» Dataset section:
•••••
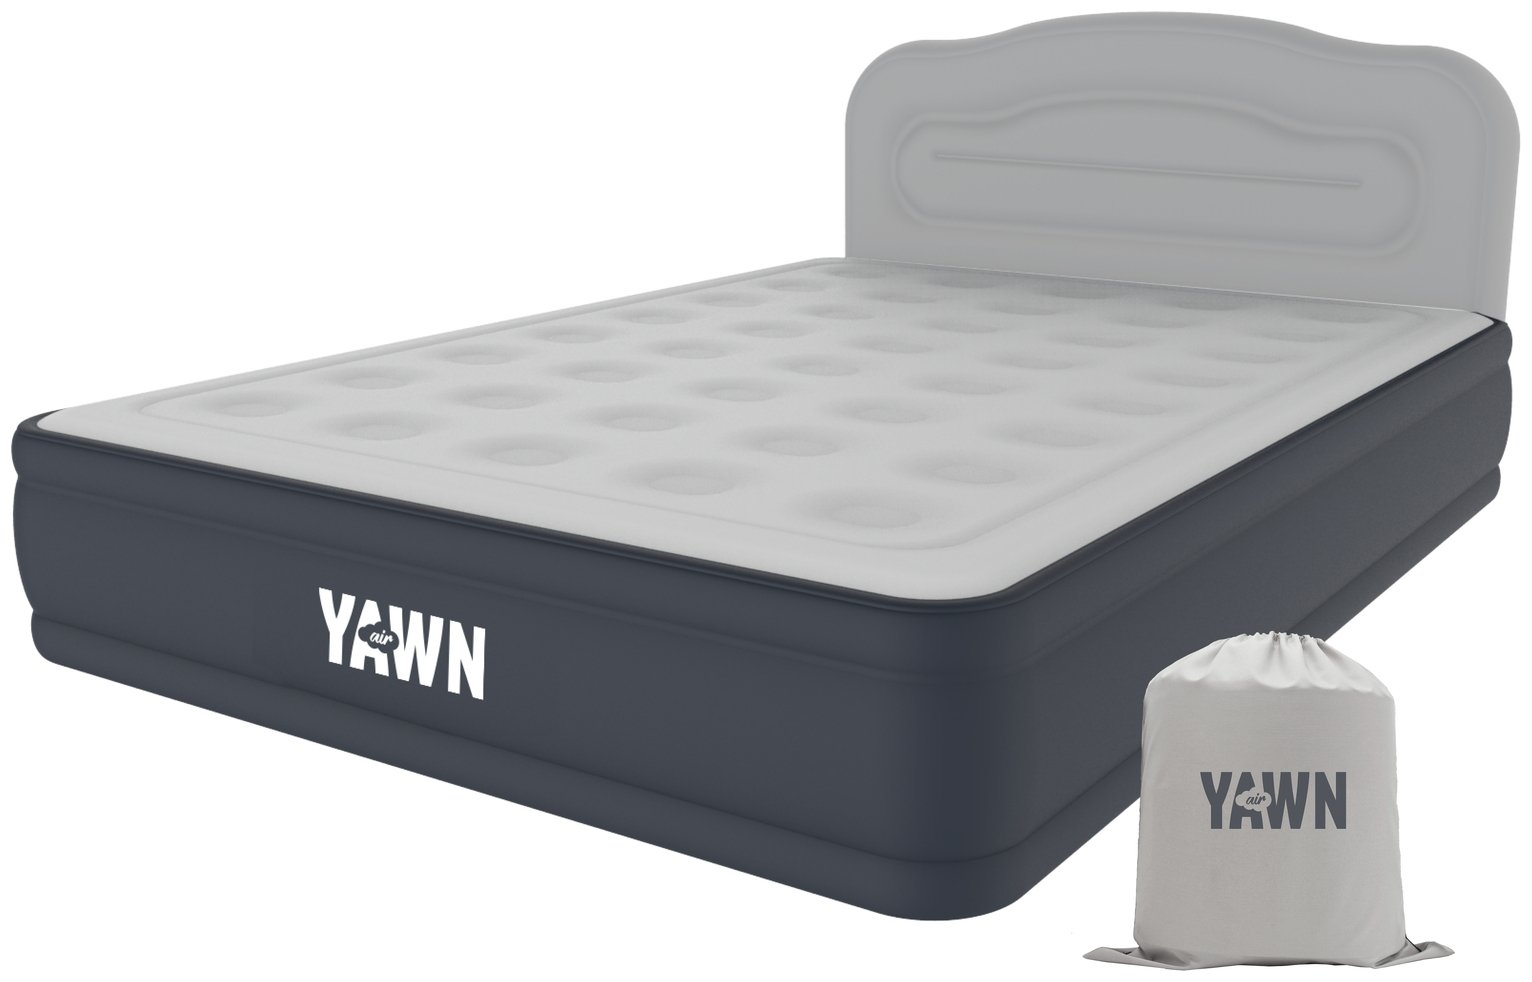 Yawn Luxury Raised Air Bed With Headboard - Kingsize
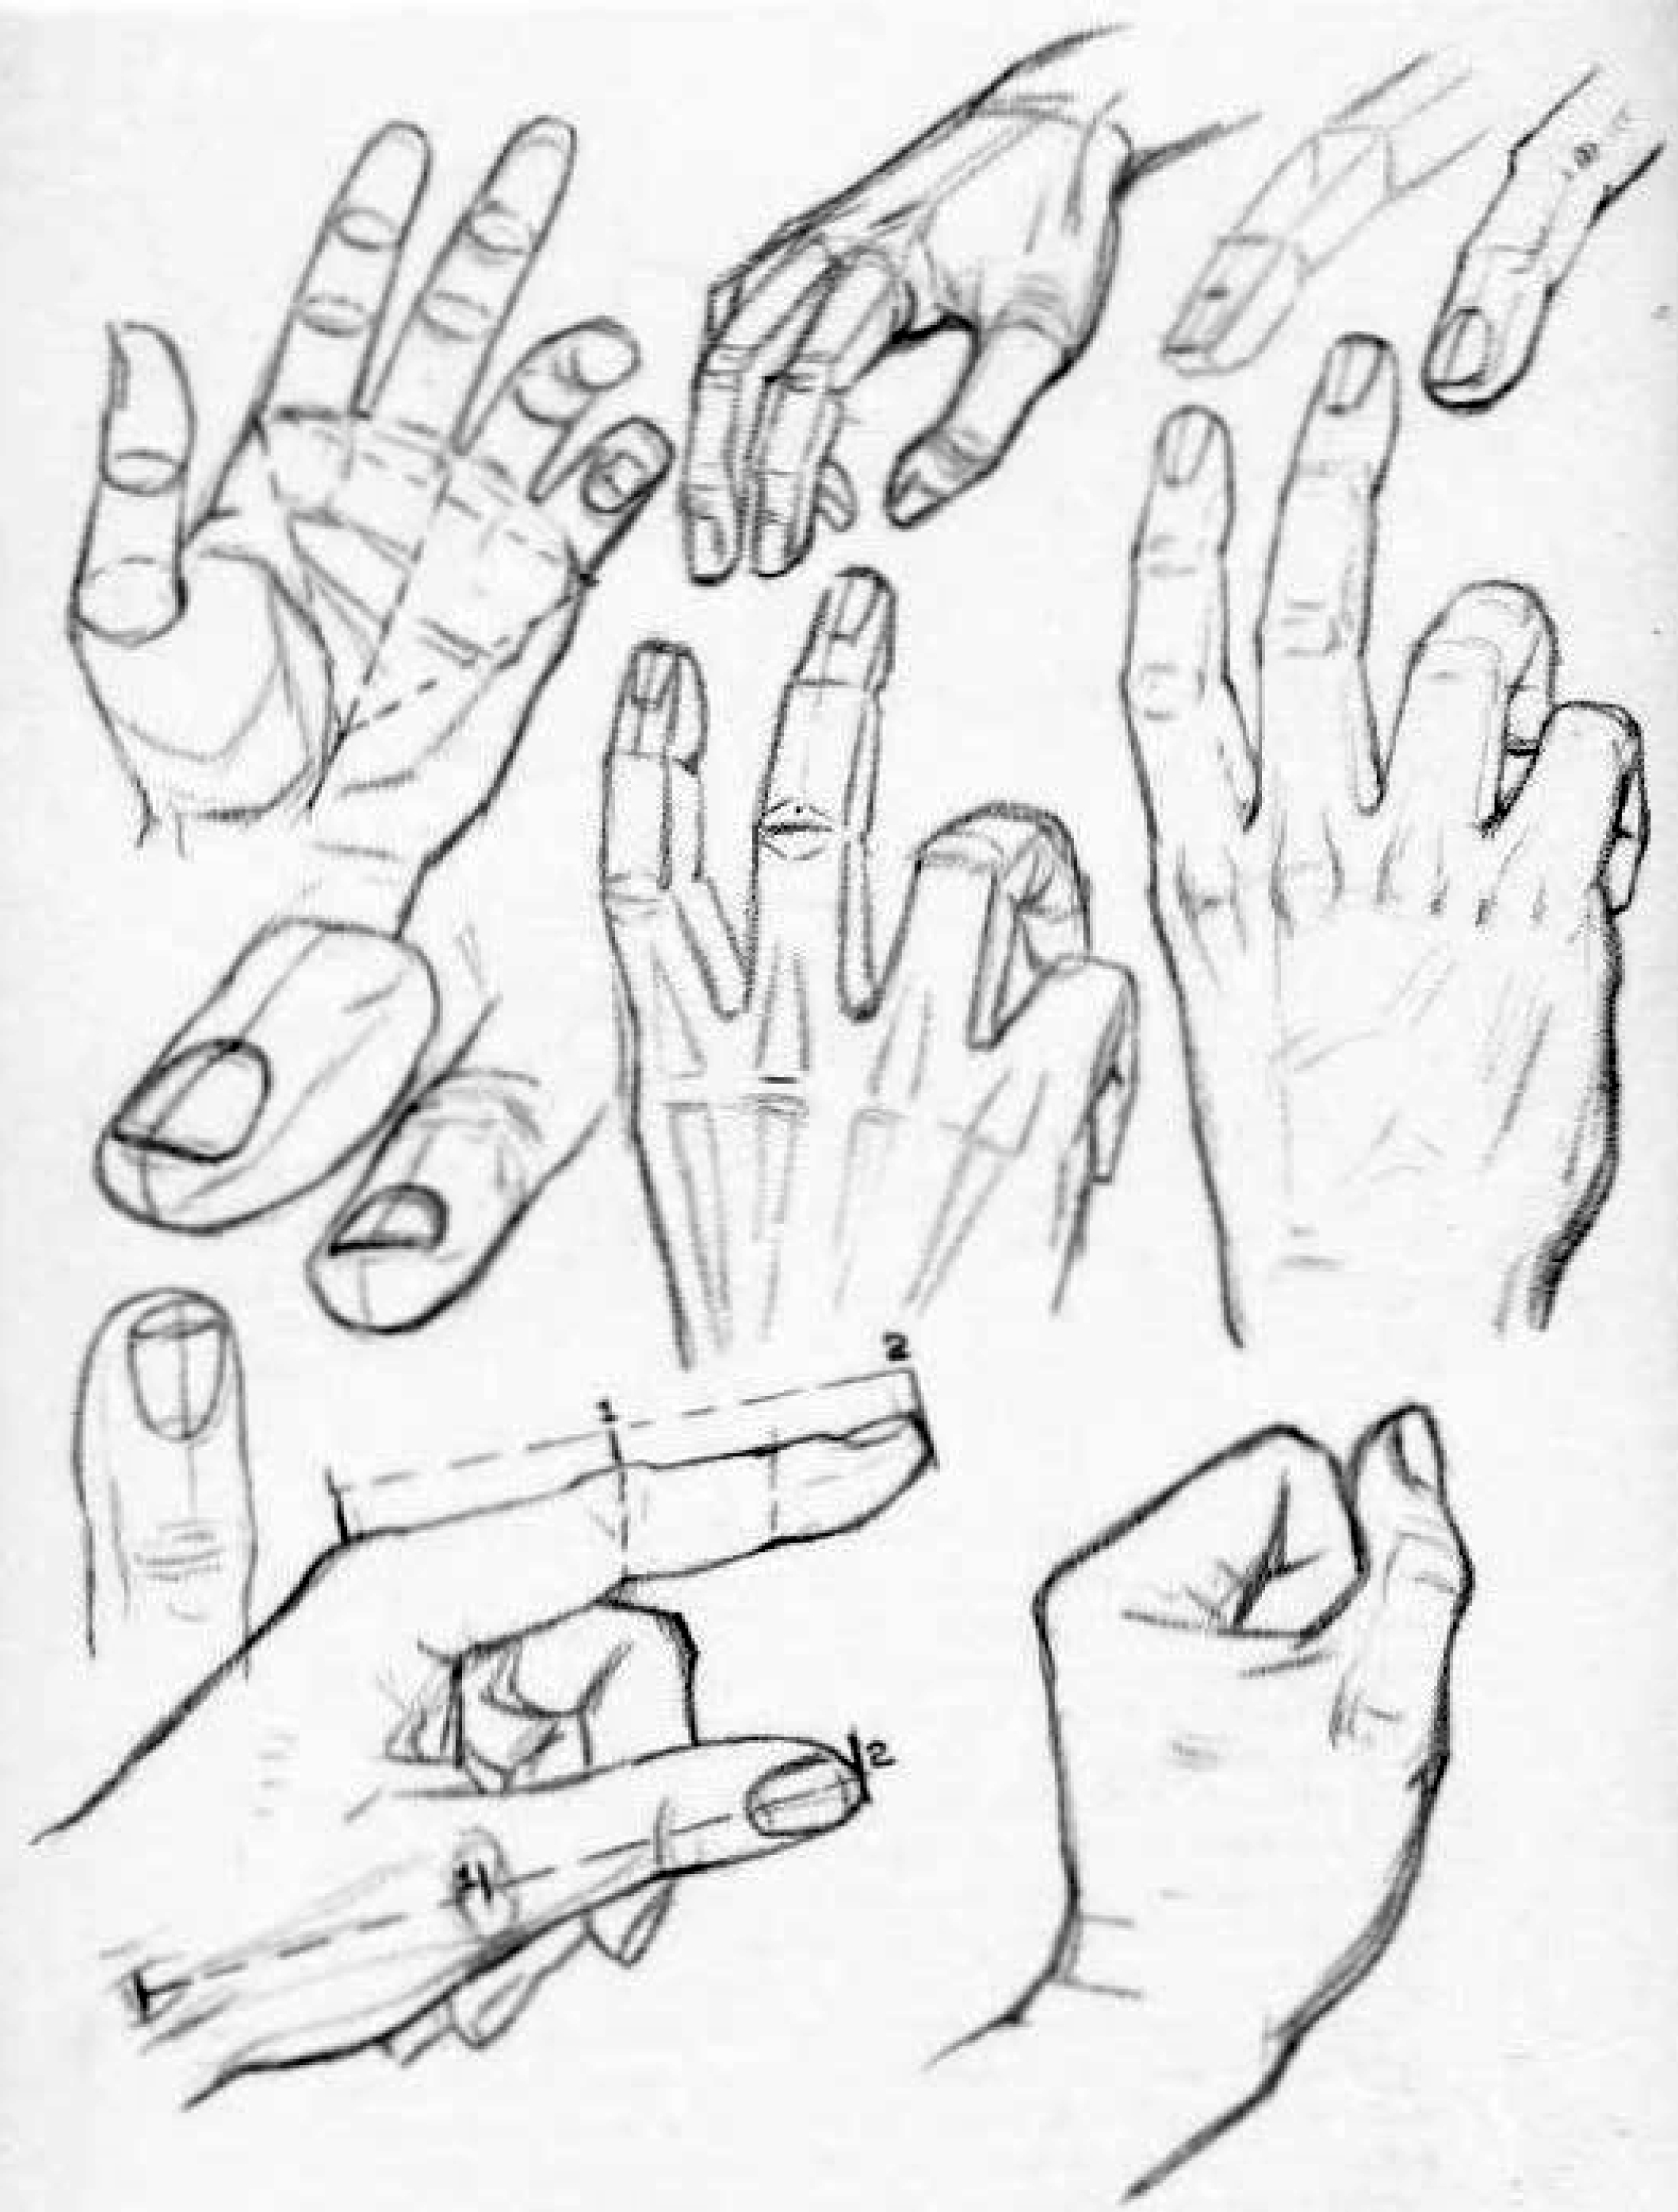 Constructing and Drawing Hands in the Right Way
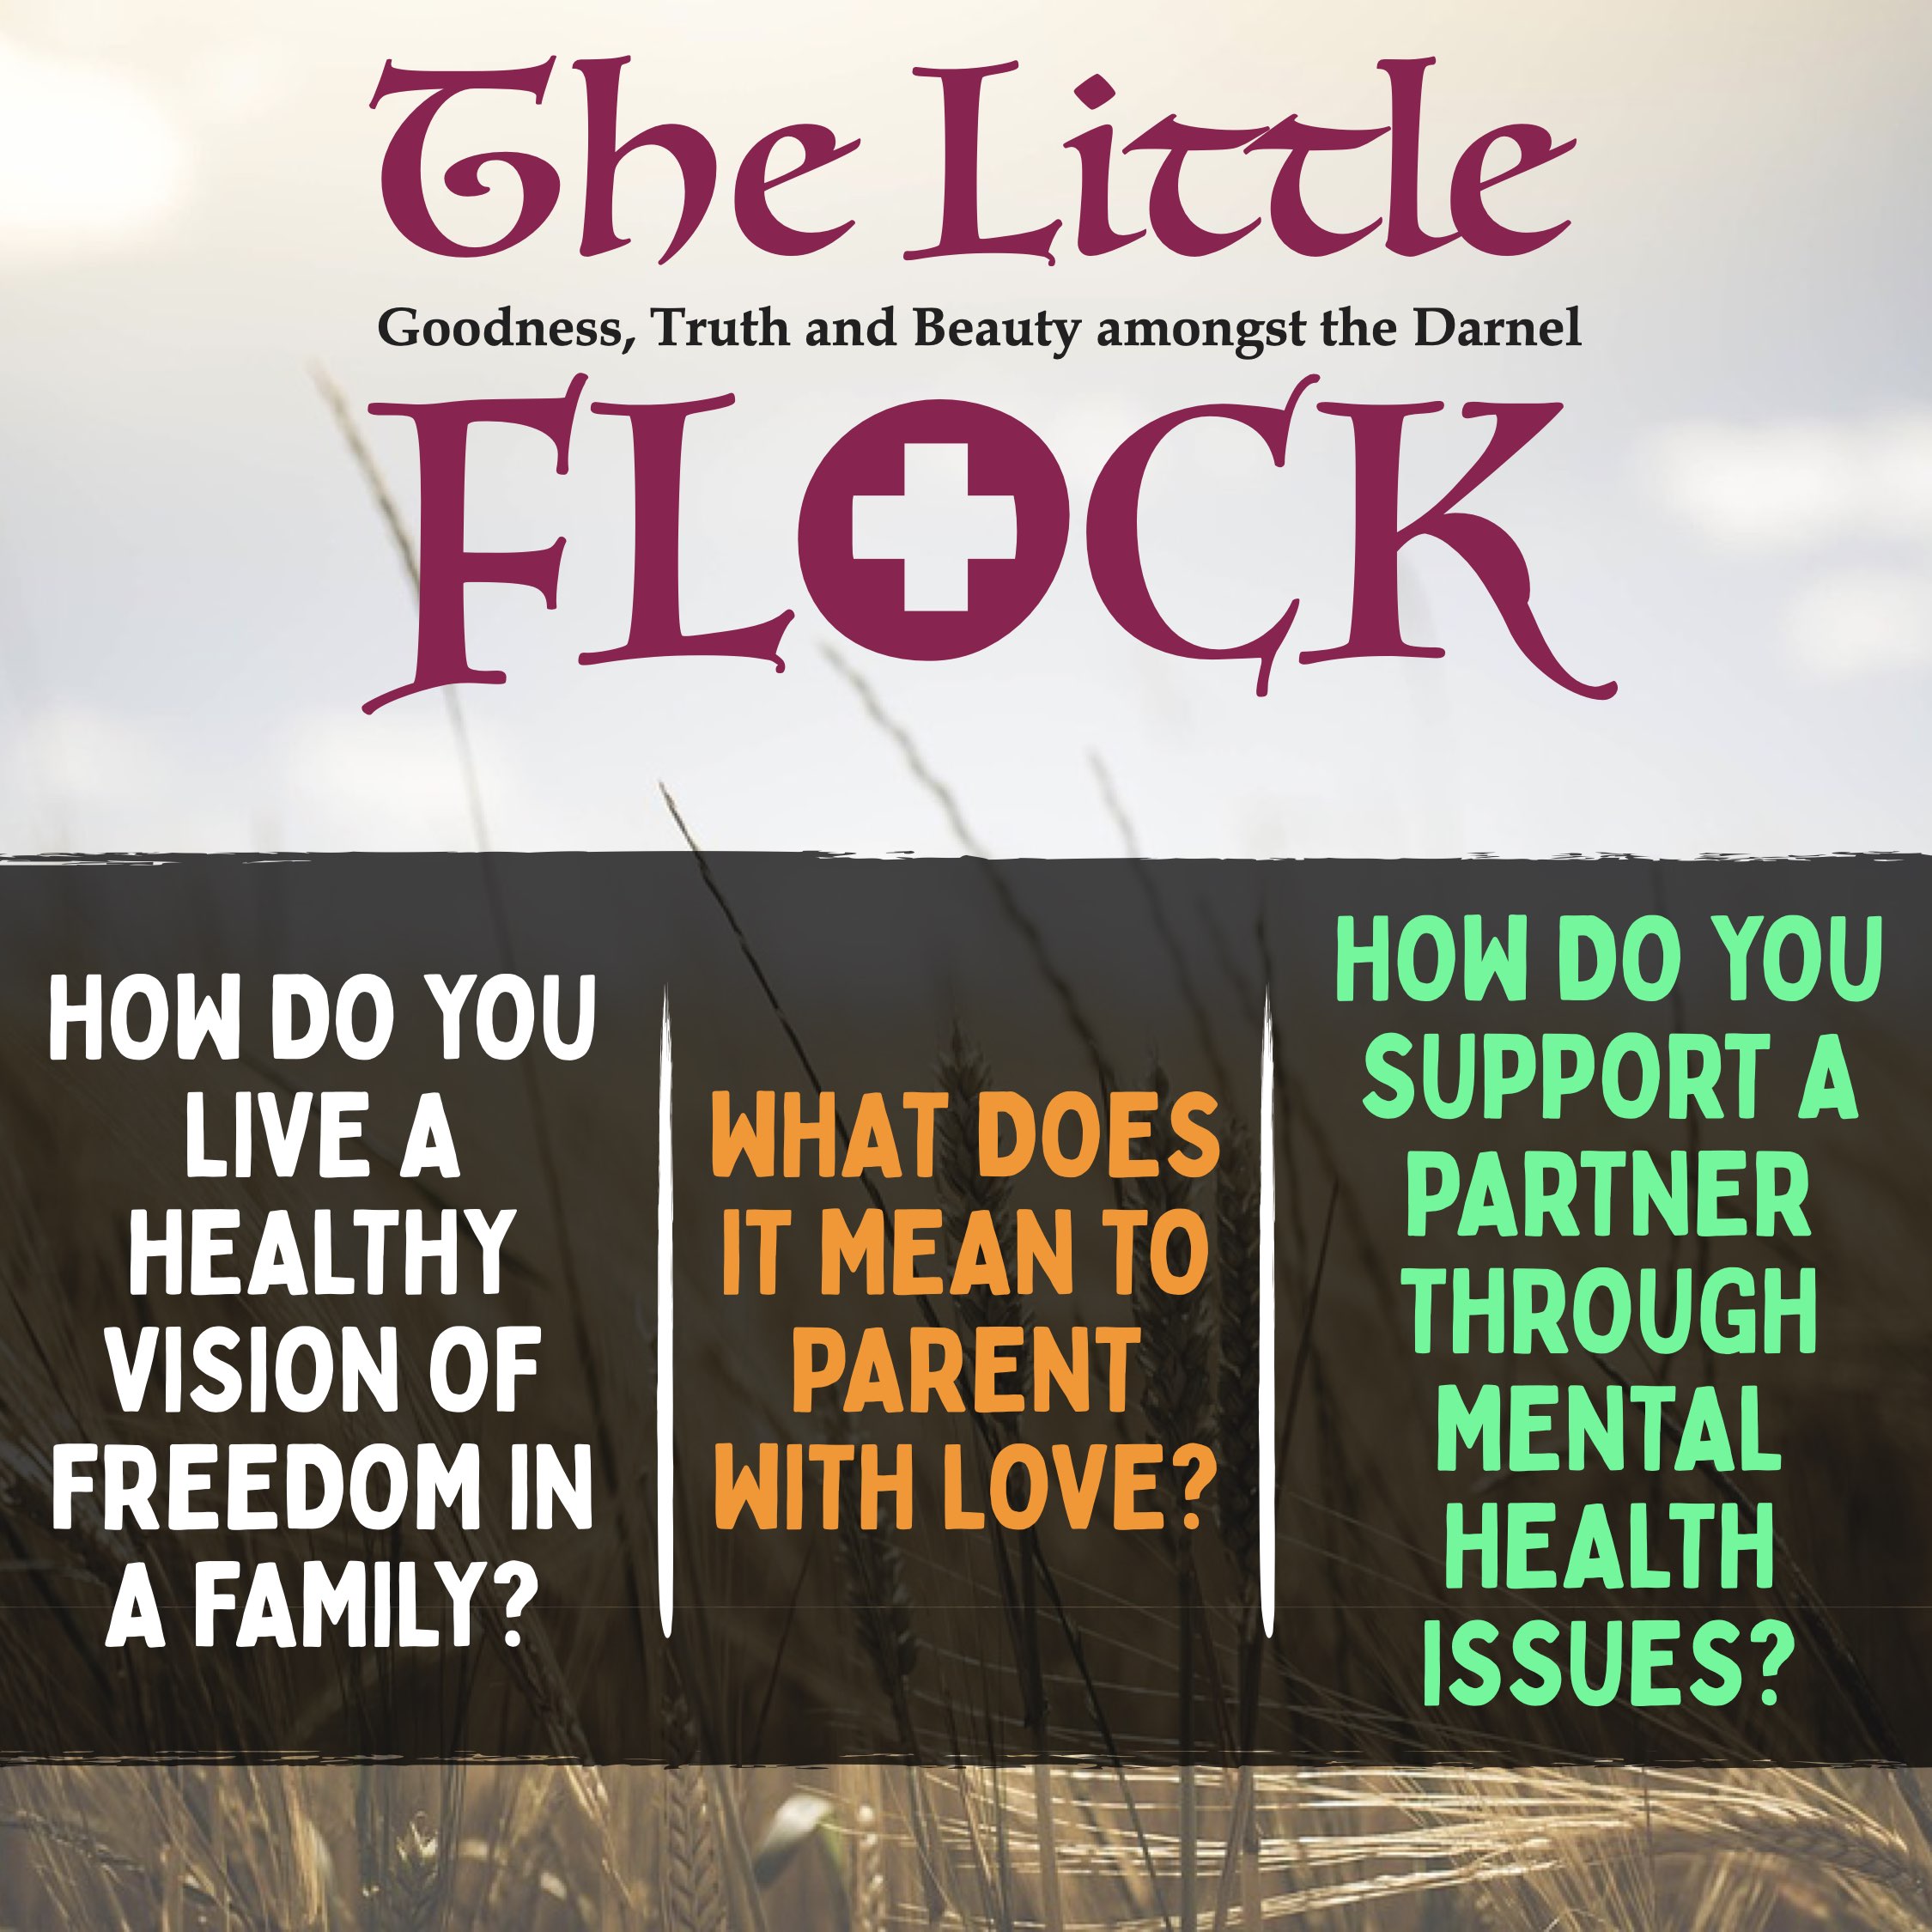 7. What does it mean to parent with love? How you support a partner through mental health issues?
•••••
» Exercise description:
From the first line to the last, write out the data exactly, omitting any pictures.

» Finished exercise:
 Yawn Luxury Raised Air Bed With Headboard - Kingsize
 Constructing and Drawing Hands in the Right Way
 7. What does it mean to parent with love? How you support a partner through mental health issues?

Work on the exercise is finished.